Mahmoud Ahmadinejad: Judiciary has More Power than Supreme Leader

Iran’s former president Mahmoud Ahmadinejad unleashed his harshest criticism yet against the country’s judicial branch, saying it is more powerful than the Supreme Leader Ayatollah Ali Khamenei and it is not supervised by any higher authority, Radio Farda reports.

In a video interview published on Thursday, Ahmadinejad sharply attacked the judiciary and its head Sadegh Larijani for prosecuting his allies and said; due to the poor performance of the judiciary and its neglect of justice “the whole country is in danger.”

Several close friends of the former president are either convicted or facing pending trials. Mohammad Reza Rahimi, one of his deputies is currently serving a 5-year prison sentence due to conviction over corruption. His other deputy, Hamid Baghaei is currently facing various legal problems. Baghaei, who was released on July 26 after a two week detention, immediately made public remarks harshly attacking Iran’s judicial authorities and prison conditions. At one point, he went as far as saying, “we know you’ll be overthrown soon.”

Esfandiar Rahim Mashaei, the head of president’s office under Ahmadinejad was officially charged last week over insulting the supreme leader, propaganda against the regime, illegal usage of government assets, insulting high ranking state officials and spreading lies.

Ahmadinejad accused the judiciary of corruption, tyranny and dictatorship and called the charges against his deputy Hamid Baghaei “fabricated”. Baghaei also has chosen to attack the judiciary as his defense strategy.

“I do not have 63 accounts, my daughter is not a spy, and I have not violated any laws in this country,” Baghaei said in a furious and sarcastic speech in front of the courthouse after the second session of his trial last month.

He was referring to two major accusations against Sadegh Larijani, the head of the judiciary. Because of these statements he was later charged with defamation of high-ranking officials. Facing a court case, Hamid Baghaei has taken refuge in a holy shrine in Iran, a centuries-old form of protest undertaken by those seeking to escape oppression at the hands of rulers, in October. Larijani has been reportedly transferring millions of dollars of his institution’s income to his private accounts. And according to unconfirmed reports, his daughter has been charged with espionage for British embassy in Tehran.
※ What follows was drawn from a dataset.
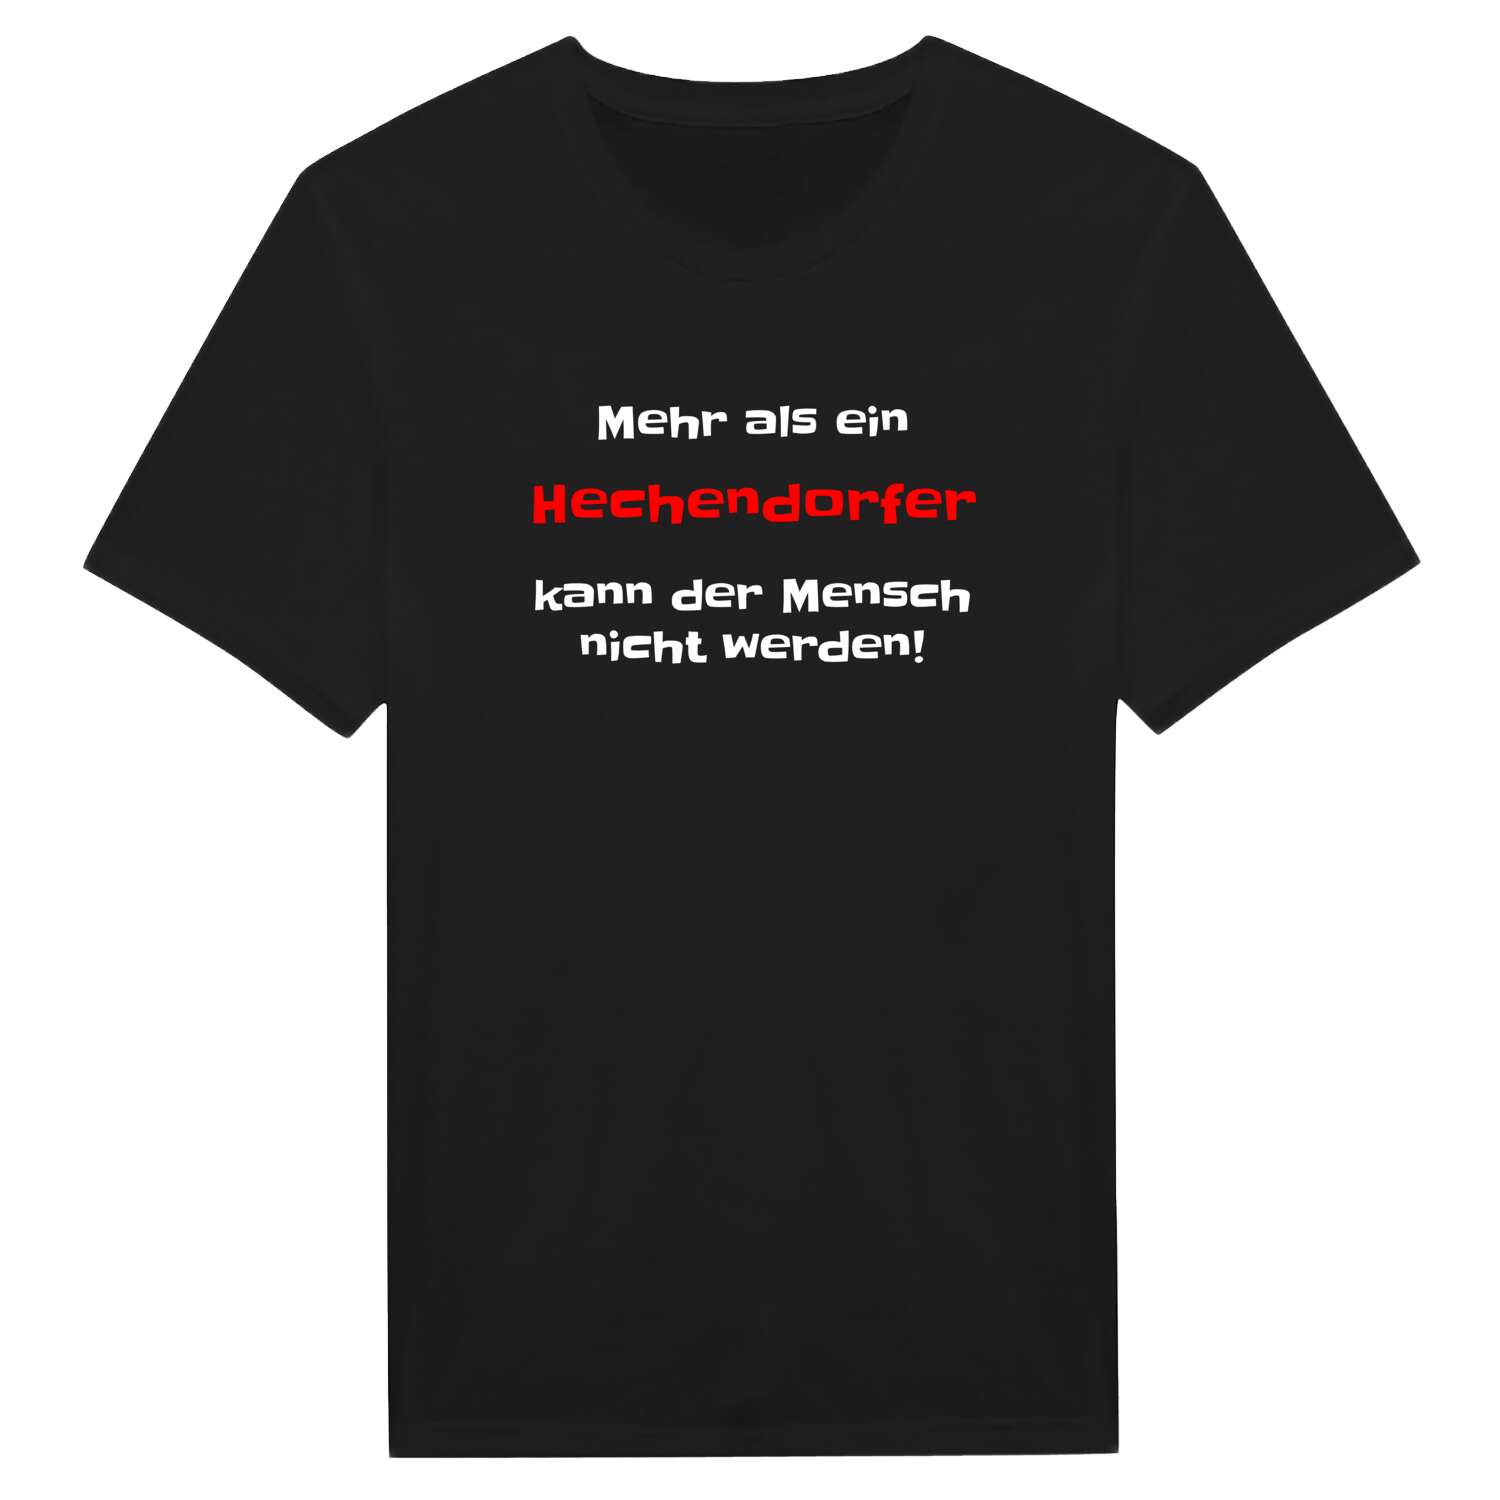 Hechendorf T-Shirt »Mehr als ein«

The government and judiciary have denied both allegations.

Ahmadinejad also criticized the fact that, unlike many other countries, the prosecutors and prisons in Iran were under the control of the judiciary and said the judiciary has even handed over the supervision of some prison wards to the intelligence service and the revolutionary guards which is a clear violation of the law.
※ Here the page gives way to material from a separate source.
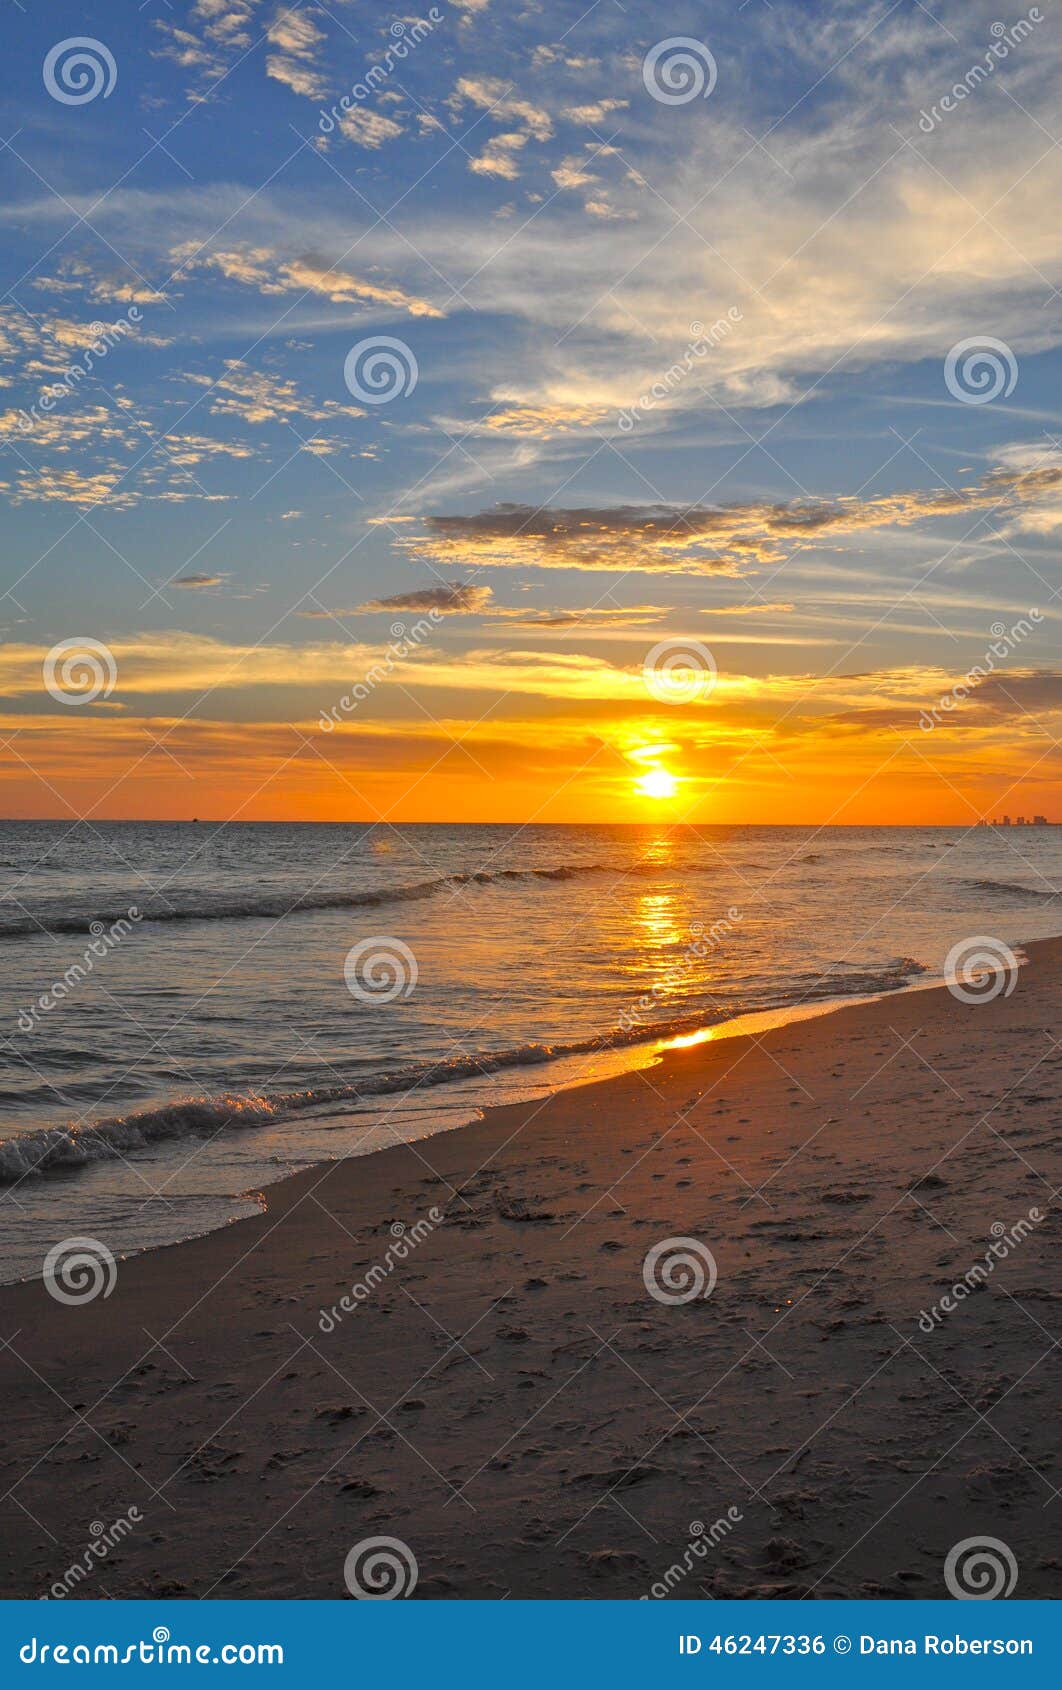 Colorful sunset. Sunset off Panama City Beach

He described the death of a blogger Sattar Beheshti, 35, in the notorious Evin prison in 2012, as a result of having security and intelligence organs run the prisons and insisted, this was wrong and the judiciary was responsible for it. In his weblog, Beheshti had criticized the Iranian regime and its leader Ayatollah Khamenei for human rights violations and supporting the Lebanon’s Hezbollah. Beheshti died in custody a few days after his arrest.

When they violate the law in the case of the president’s deputy, “God may help the 17 million others who have a legal case in the judiciary,” Ahmadinejad said.
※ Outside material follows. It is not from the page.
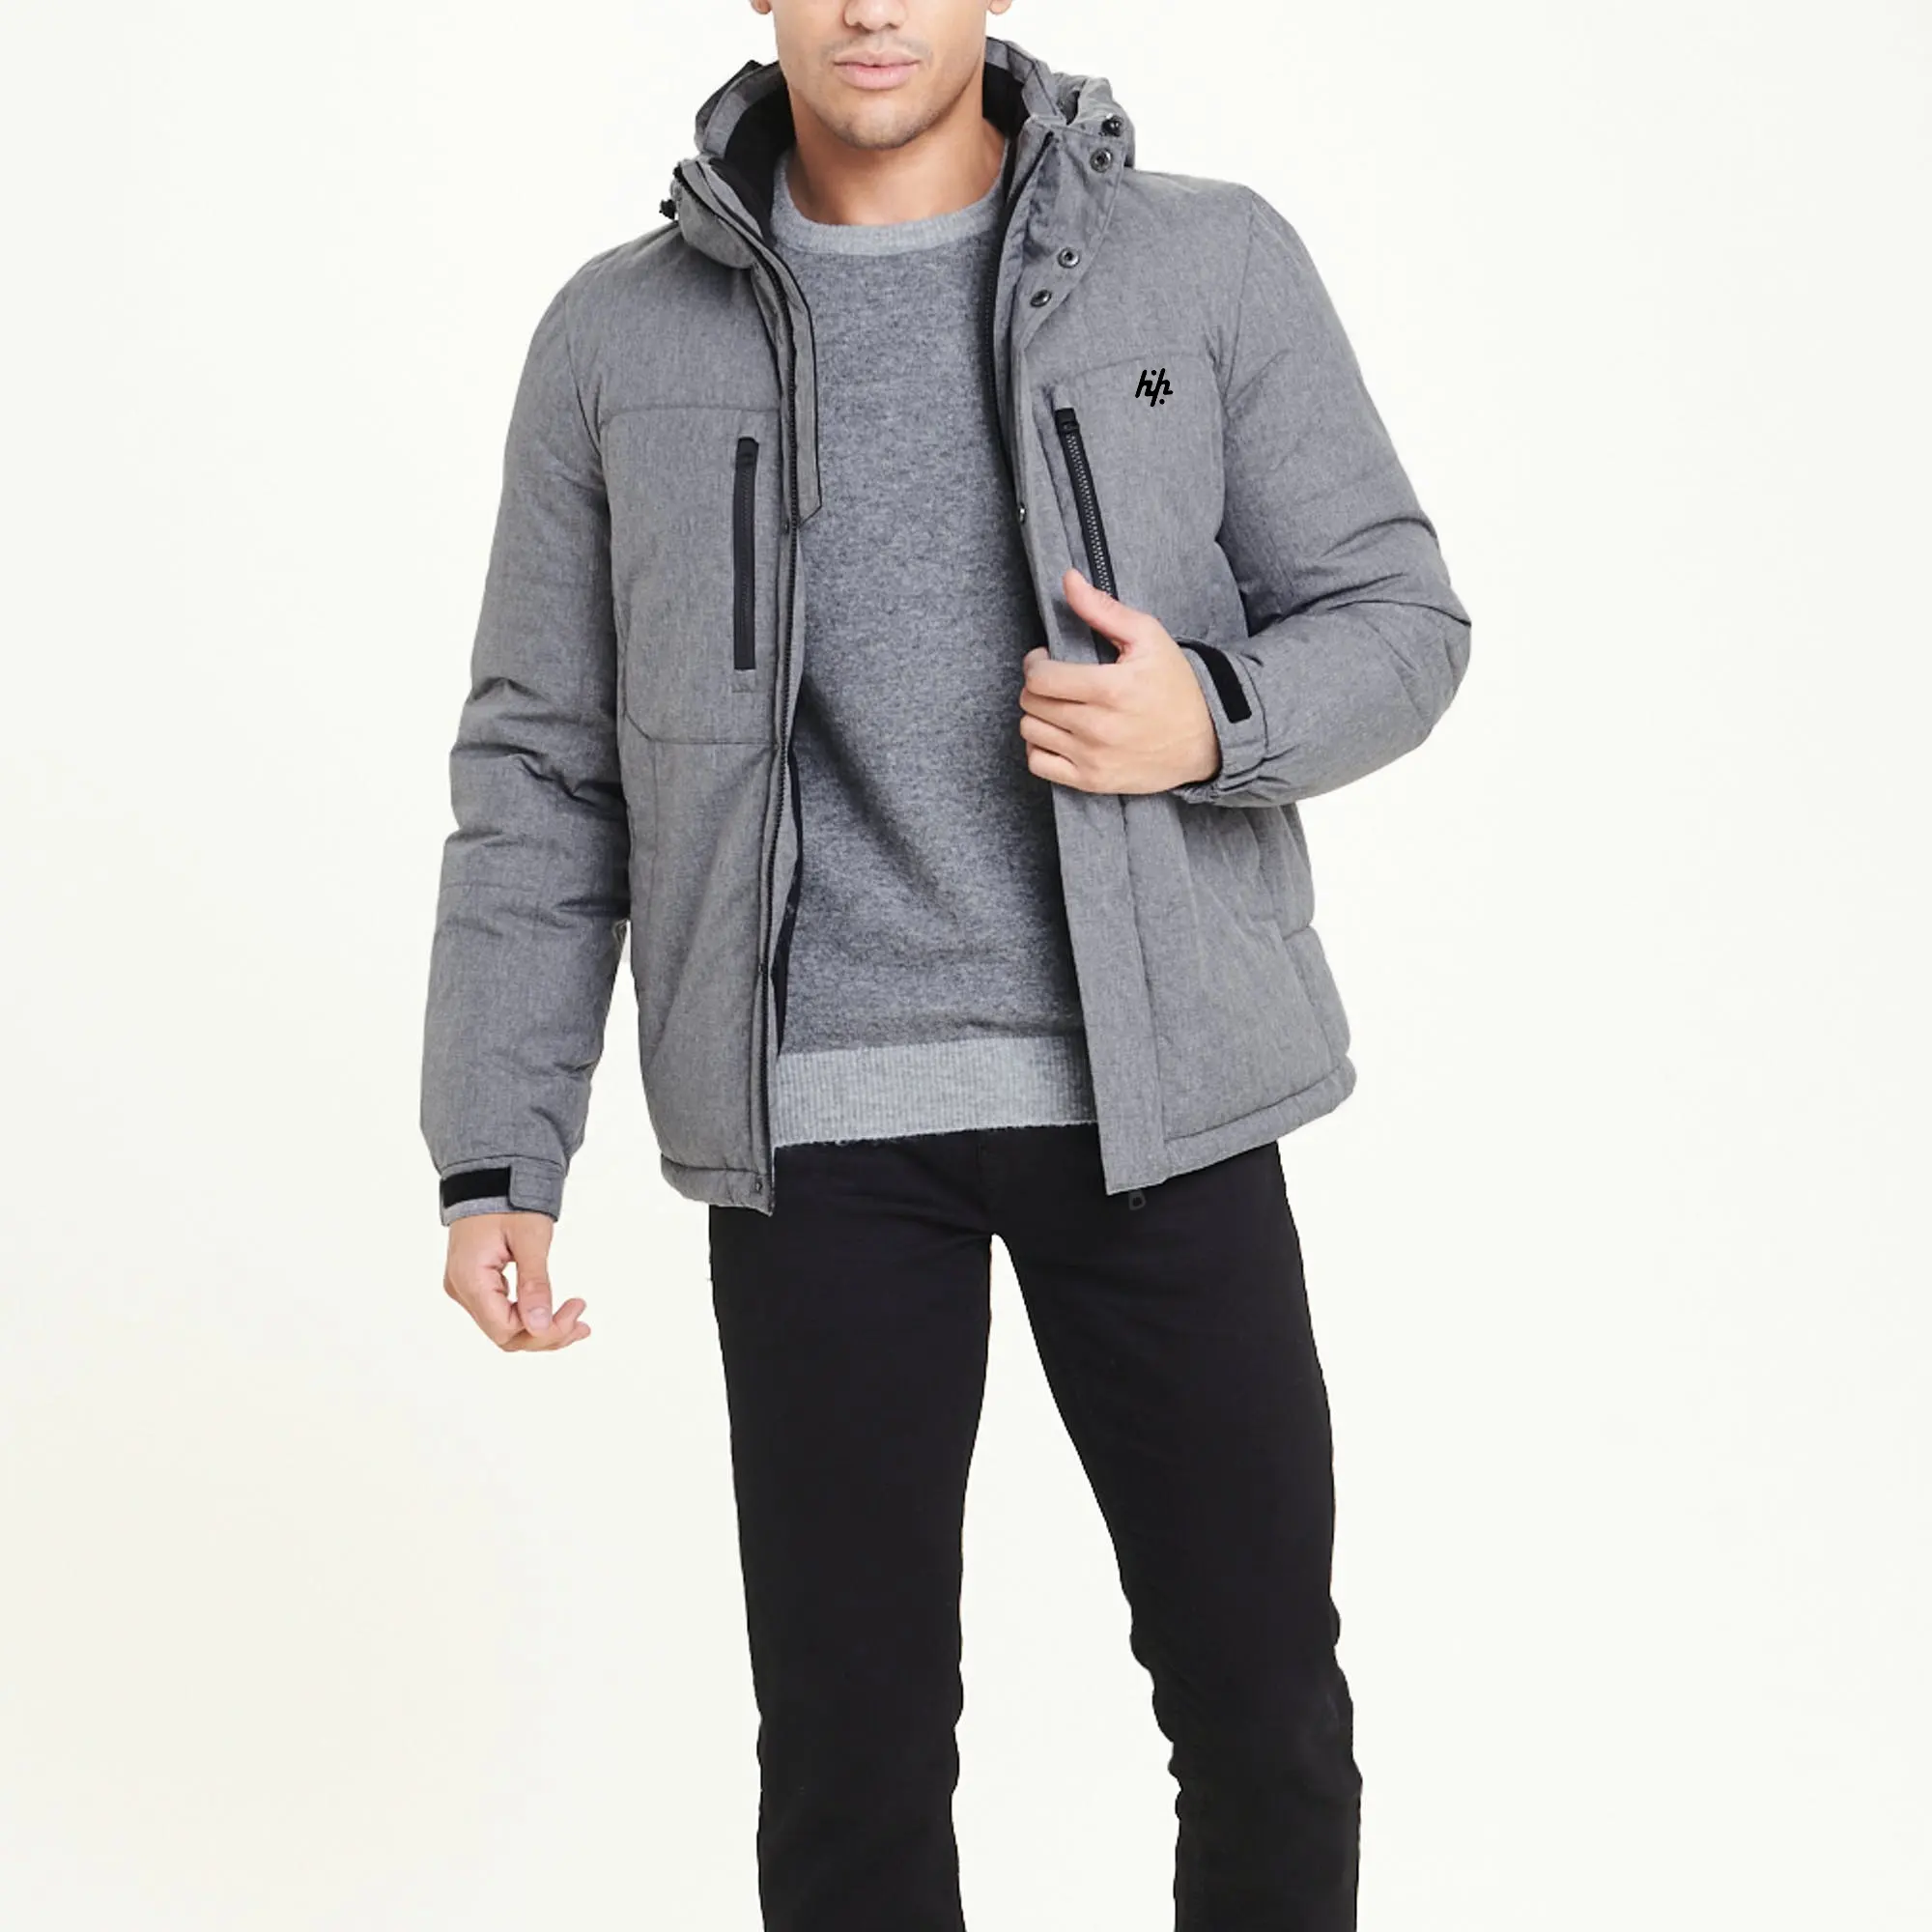 Jaqueta de mangas compridas masculina, cinza puffer com capuz personalizado oem jaqueta de moda para homens jaqueta de mangas compridas (fabricação por produtos huzaifa)

In the meantime, the pressure on Ahmadinejad and his allies continues. They have even tried the age-old tactic of taking refuge in a holy shrine, but it failed to achieve the desired result. Their ephemeral sit-in protest at the Shi’ite holy shrine of Shah Abdol-Azim in Shahr-e Rey, southern Tehran, ended when an alleged bunch of plainclothesmen stormed the shrine and battered the supporters of the former two-time president.